======== Input data
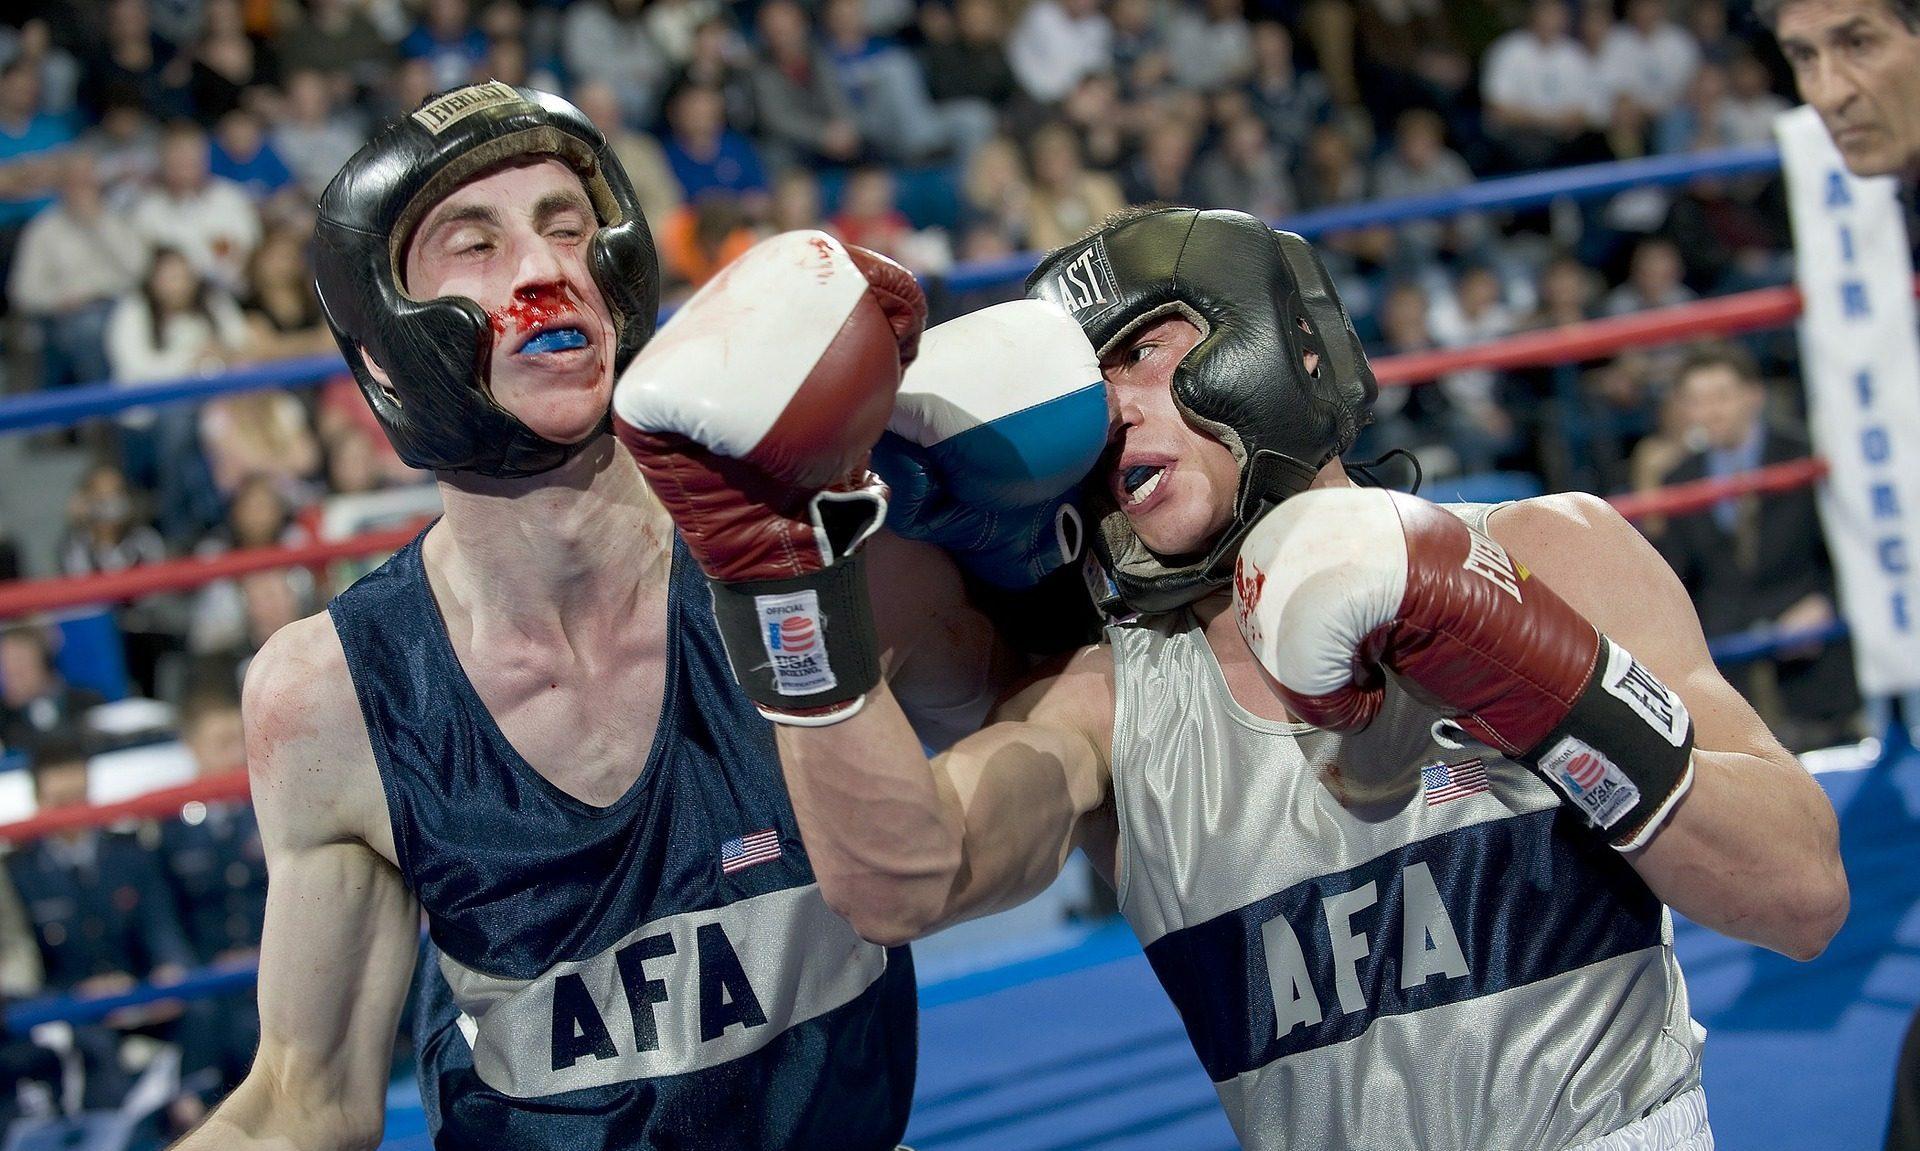 Rodriguez Boxing Club
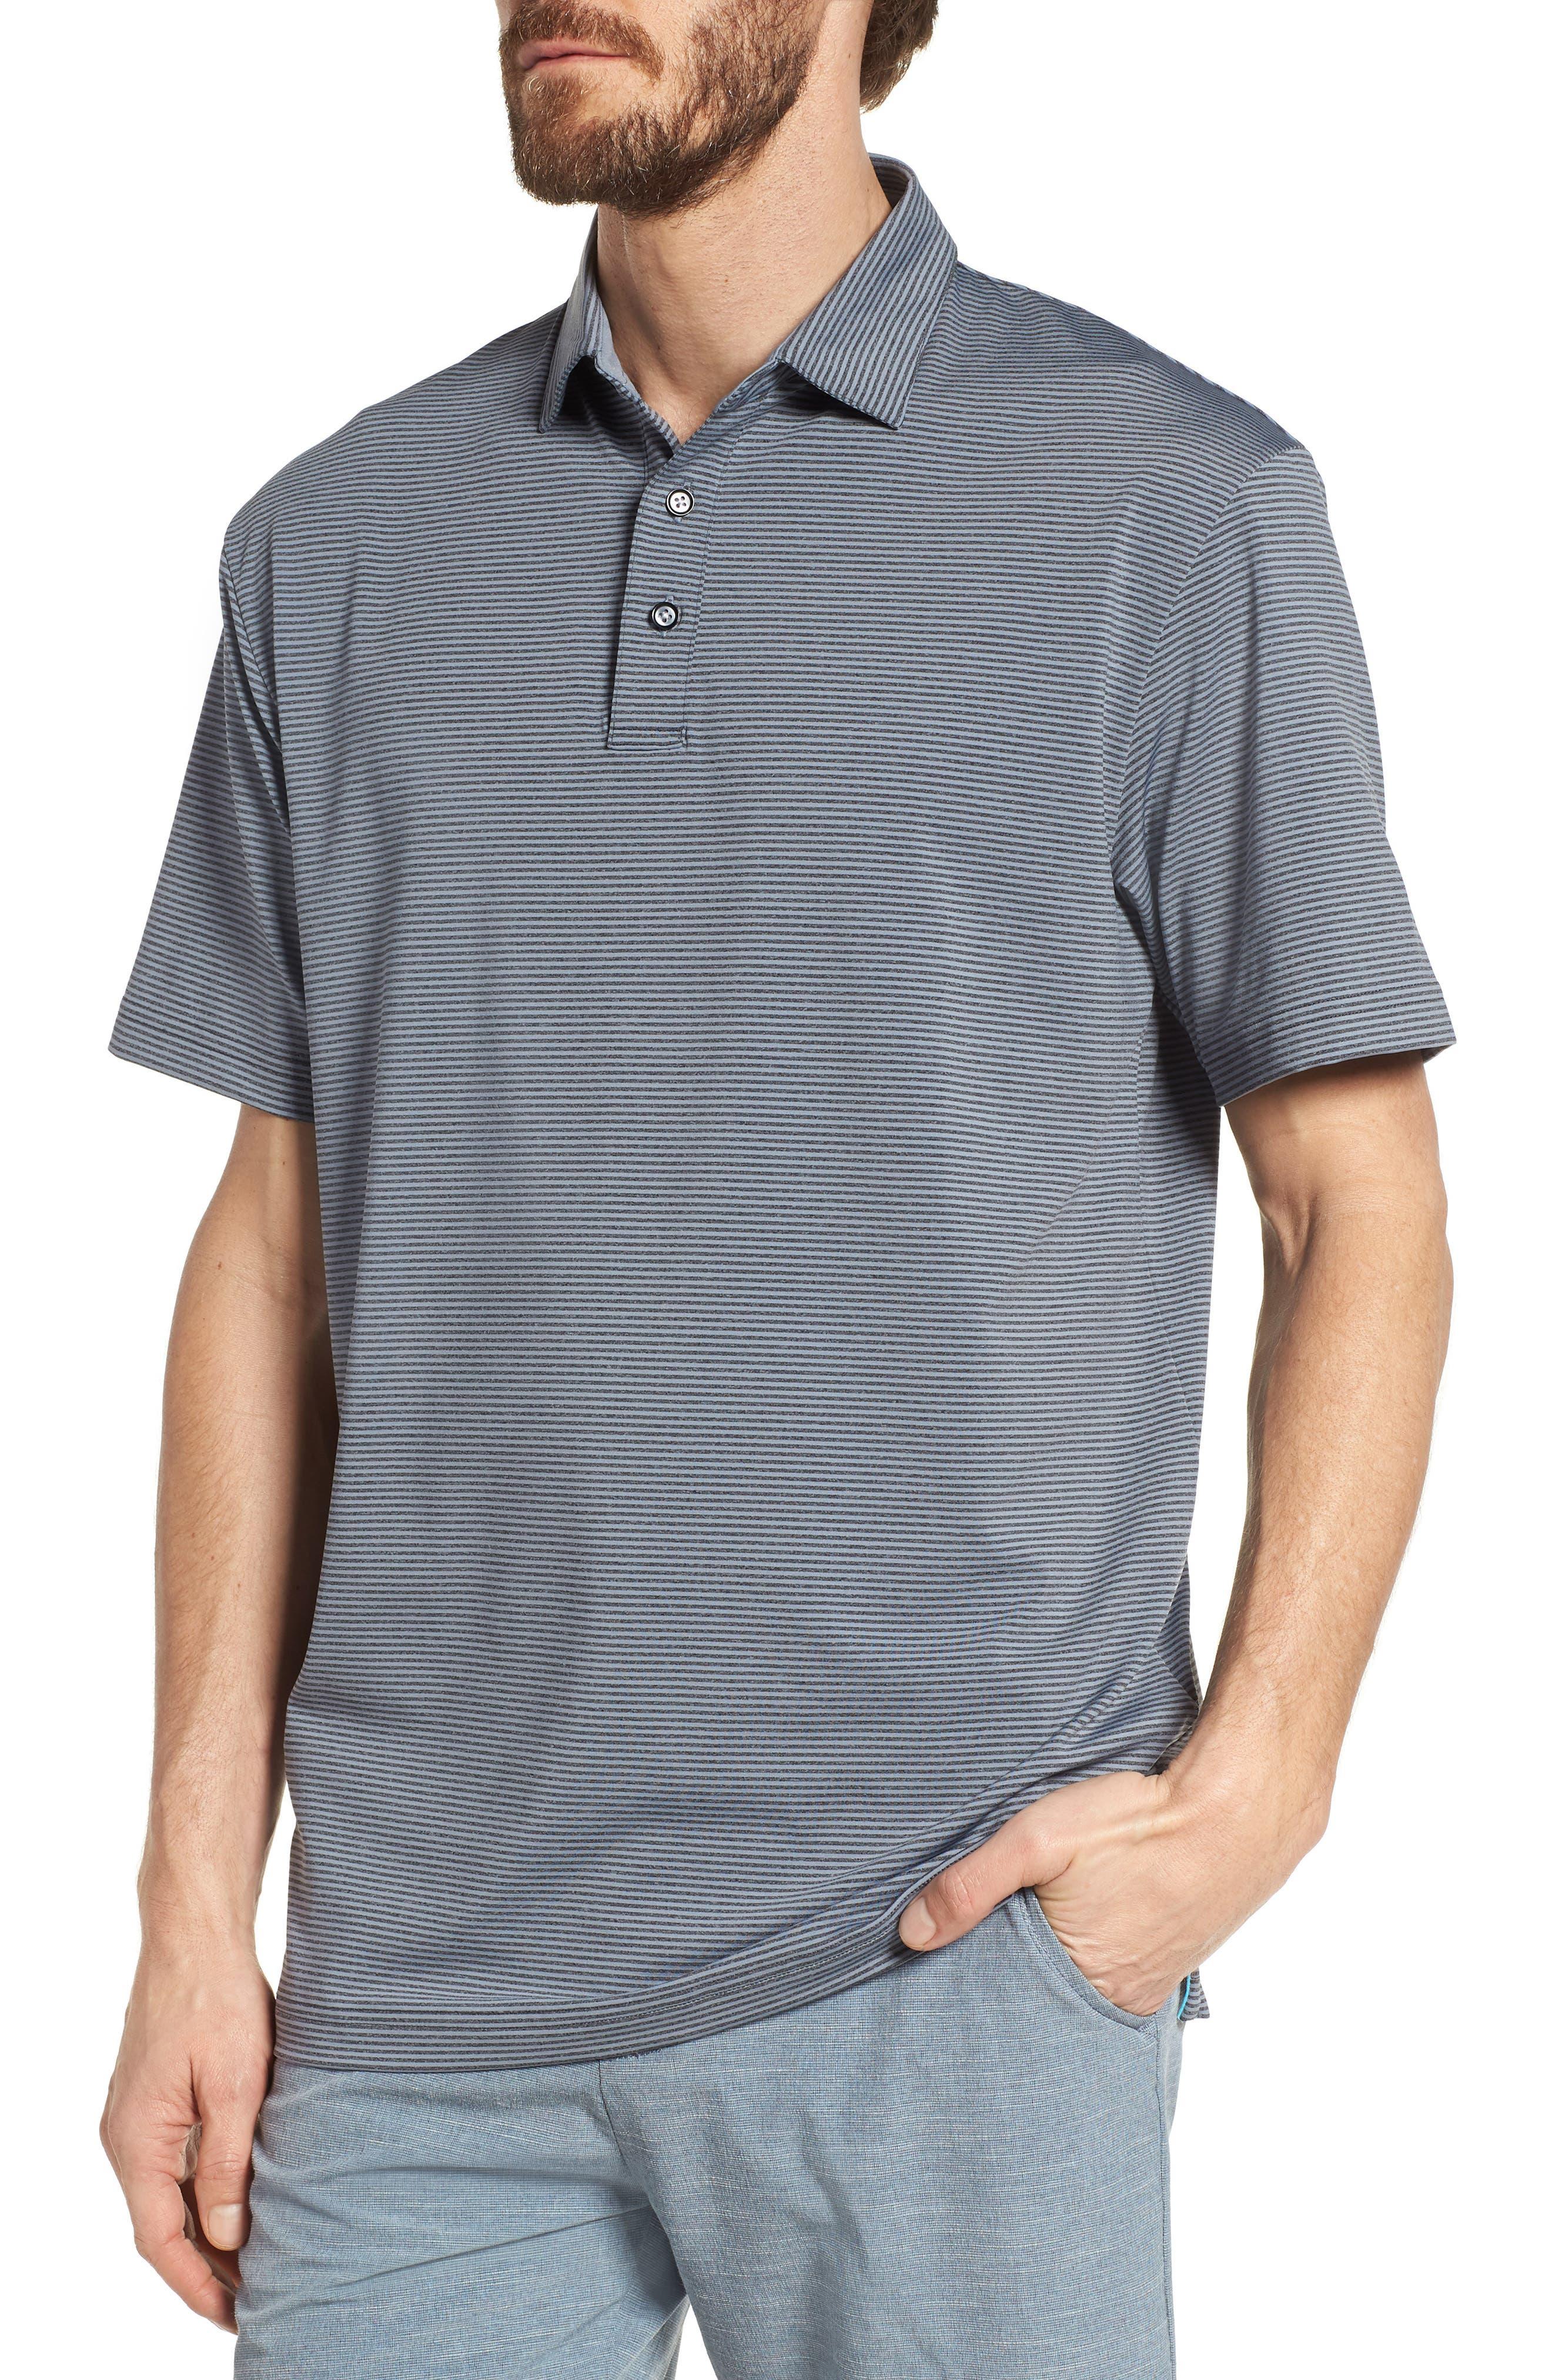 Devereux Oracle Stripe Jersey Polo, Blue
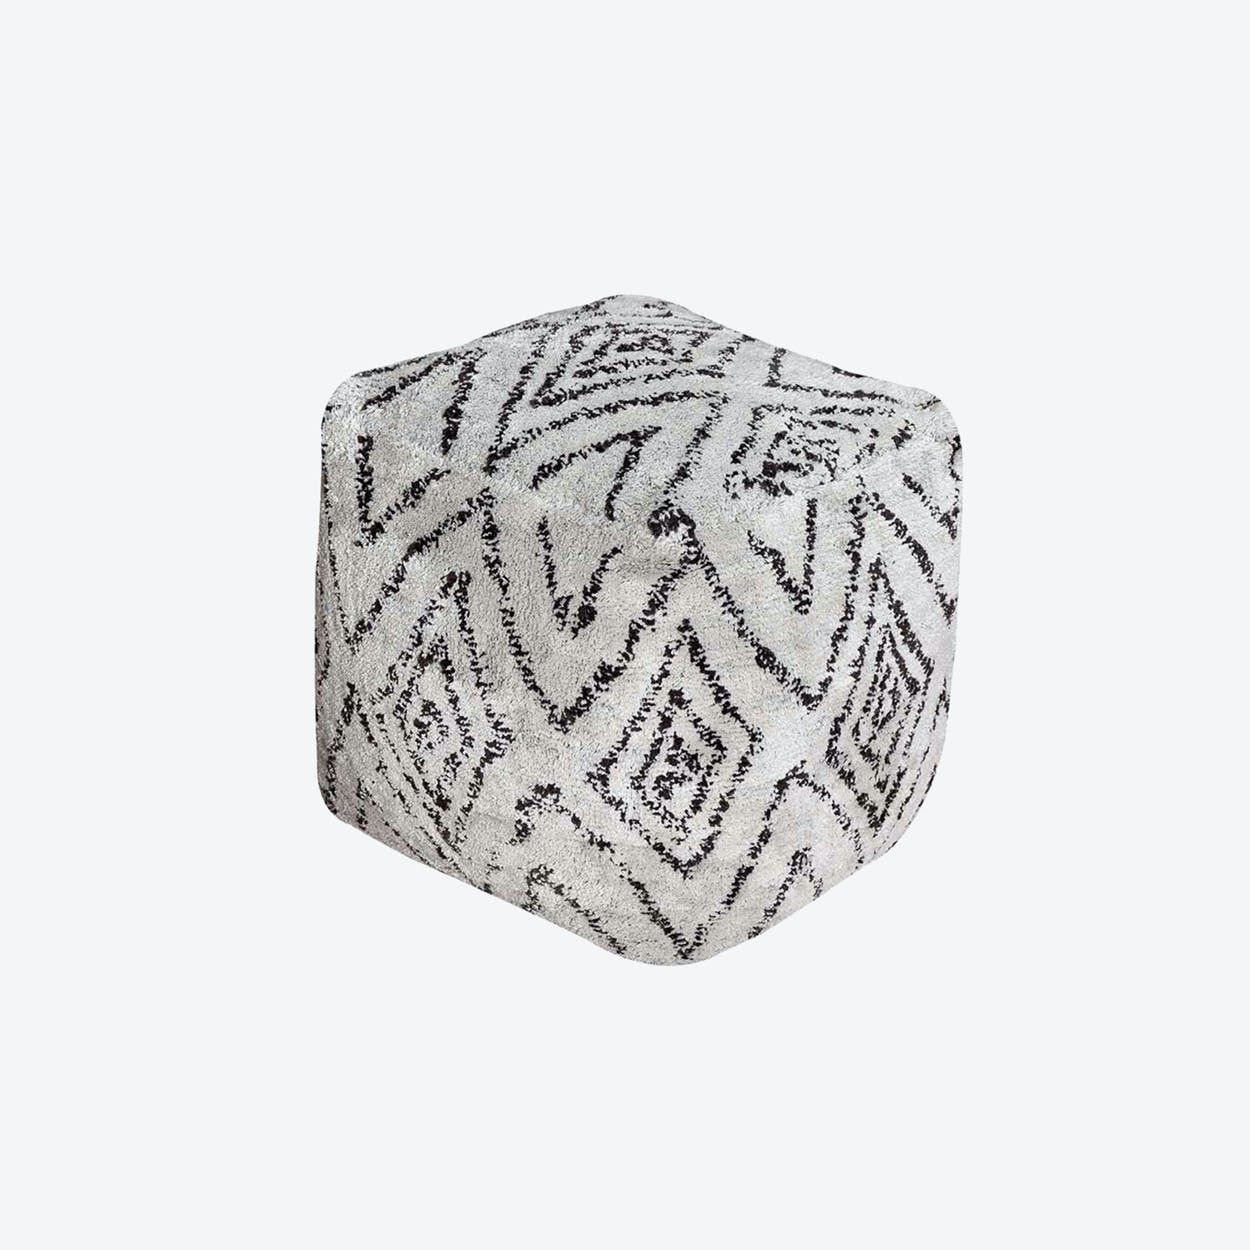 NOAH Pouf in Grey/Charcoal (40x40x40)
================
▸ What is being asked: Please print the material exactly as given above, omitting the pictures.

▸ Task solution:
 Rodriguez Boxing Club
 Devereux Oracle Stripe Jersey Polo, Blue
 NOAH Pouf in Grey/Charcoal (40x40x40)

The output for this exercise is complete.